Having a leopard in the neighborhood may seem a terrifying prospect, but the reality is that large predator may save your life.

A new study published in the journal Frontiers in Ecology and the Environment suggests that leopards in Mumbai, the world’s sixth most-populated city, may save human lives by feeding on feral dogs. Feral dogs are a major health issue in India, where they are the leading cause of rabies deaths.

The study was led by researchers from the University of Queensland School of Earth and Environmental Sciences.

Sanjay Gandhi National Park, with a population of 35 leopards, has the densest population of these big cats in the world. The park is also in the middle of the burgeoning city of Mumbai, with more than 20 million people. Approximately 350,000 people, many of them in poverty, live all along the periphery of the small national park. Leopards can be seen strolling the city streets, and hunting in parking garages.

“While leopards are often in conflict with people over livestock like cattle and sheep and are frequently persecuted throughout their range, we show that these unique predators can also be beneficial to human society,” says Christopher O’Bryan, one of the joint lead authors on the study, and a PhD student at the University of Queensland.

That’s because 40 percent of the average leopard’s diet consists of feral or stray dogs, the researchers found. The density of feral dogs in and around the national park is an average of 17 dogs per square kilometer compared to other parts of Mumbai away from the park boundary that can have upwards of 680 dogs per square kilometer.

Feral dogs in Mumbai. Photo © Steve Winter/National Geographic

India’s rising feral dog population causes a major health crisis in the country. While exact population figures are difficult to verify, many sources estimate 30 million stray dogs live in India. Approximately 20,000 people per year die of rabies, most of them due to dog bites.

The study found that the small population of leopards “may consume about 1,500 dogs per year, saving around 1,000 bite incidents and 90 potential rabies cases.” The presence of leopards was also estimated to save $18,000 in dog management costs.

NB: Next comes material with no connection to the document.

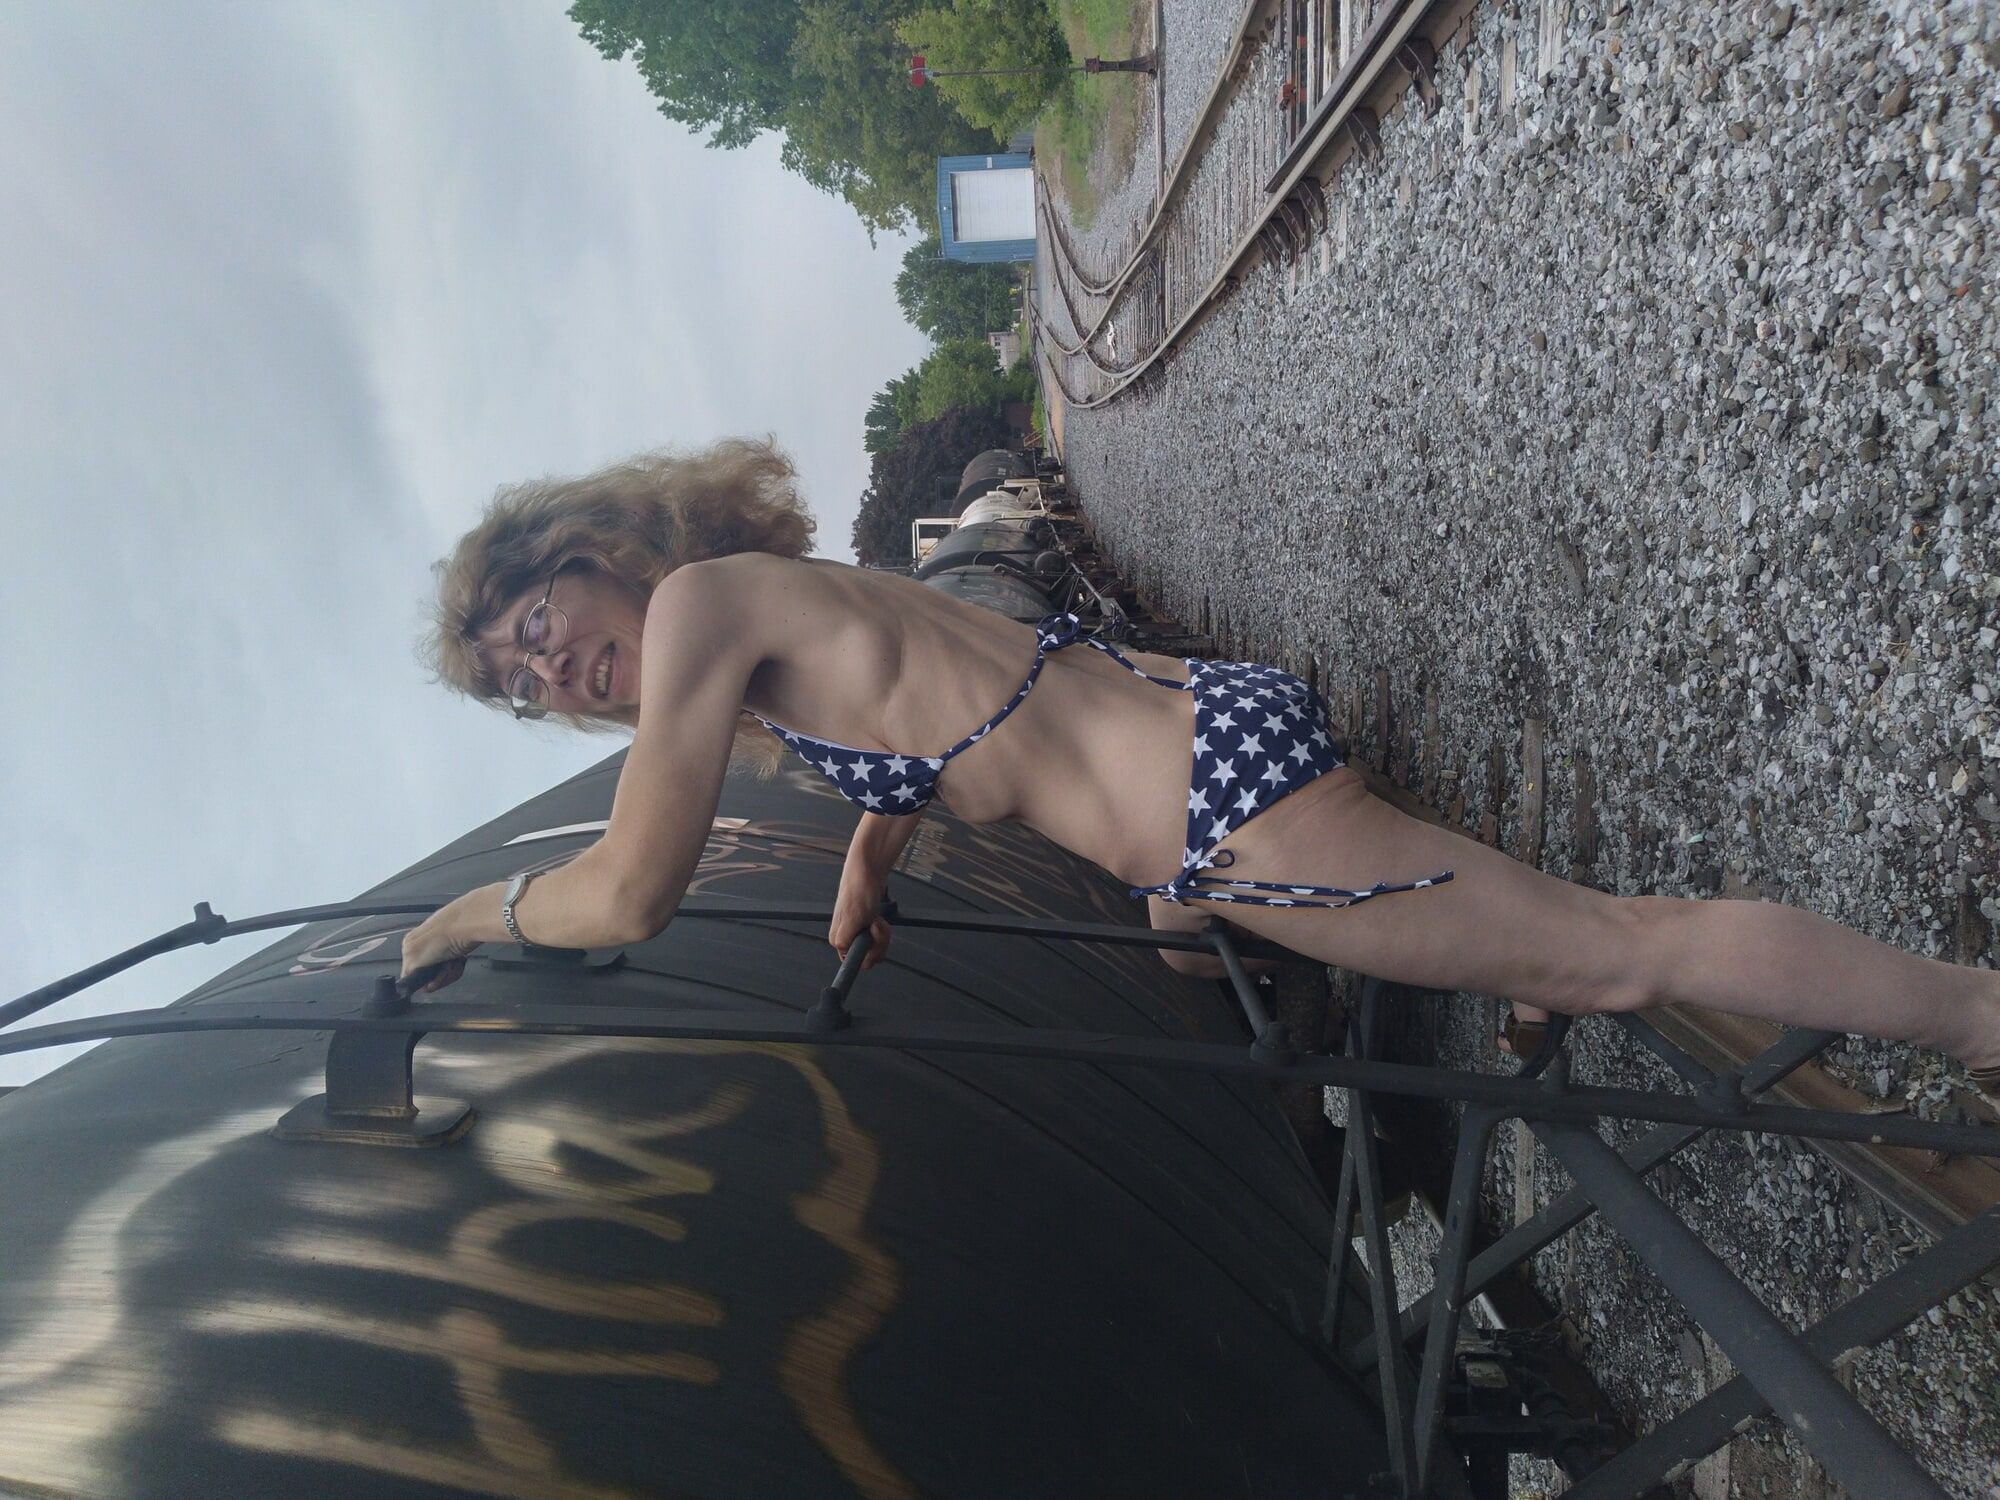 American Train. July 4th release. My best photo set to date. #40

“Dog bites in these slums are very costly to people,” O’Bryan told me in a Skype interview. “There are the costs for medical treatments and hospitalization, as well as the costs associated with lost work time.”

O’Bryan is quick to point out that living with leopards has its own risks and costs. In 2017, there were seven leopard attacks in the area. “A lot of the news coverage focuses solely on the negatives of the leopards,” says O’Bryan. “The leopards can certainly be a health hazard. We are suggesting that they may also be a health benefit. We believe it’s important to assess both the costs and benefits associated with living in close proximity to predators.”

This study is a notable departure from usual studies on the benefits of large carnivores, which usually focus on predator effects in large national parks and protected areas. The classic example is research on the ecological benefits of wolves in Yellowstone National Park, which has shown that reintroducing these predators has had a host of cascading effects, including causing changes in elk behavior that leads to revegetation of native plants along streams.

Leopard in Mumbai. Photo © Steve Winter/National Geographic

That study, and others like it, focus on the benefits to the park’s ecosystem.  “This leopard study may be the first research that looks at a large predator’s effect on human health and well-being,” O’Bryan says.

Around the globe, expanding human populations encroach on predator habitat. This is often portrayed solely in terms of conflict. Many predators are forced to adapt to what is essentially a new ecosystem. Instead of preying on just native Indian mammal species, the urban leopards hunt feral dogs.

Leopards are widespread and adaptable, but they have disappeared from nearly 80 percent of their global historic distribution. They remain in conflict with people in much of their range. Understanding their benefits to people – and the benefits provided by other predator and scavenger species – may help shape a future where people and predators can better coexist.

“There are so many questions that arise from this study, and that’s a good thing,” says O’Bryan. “We see this as a call for more research on the costs and benefits of predators in human-dominated landscapes.”

The article Leopards provide public health benefits in Mumbai, India appears in the March 2018 edition of Frontiers in Ecology and the Environment journal.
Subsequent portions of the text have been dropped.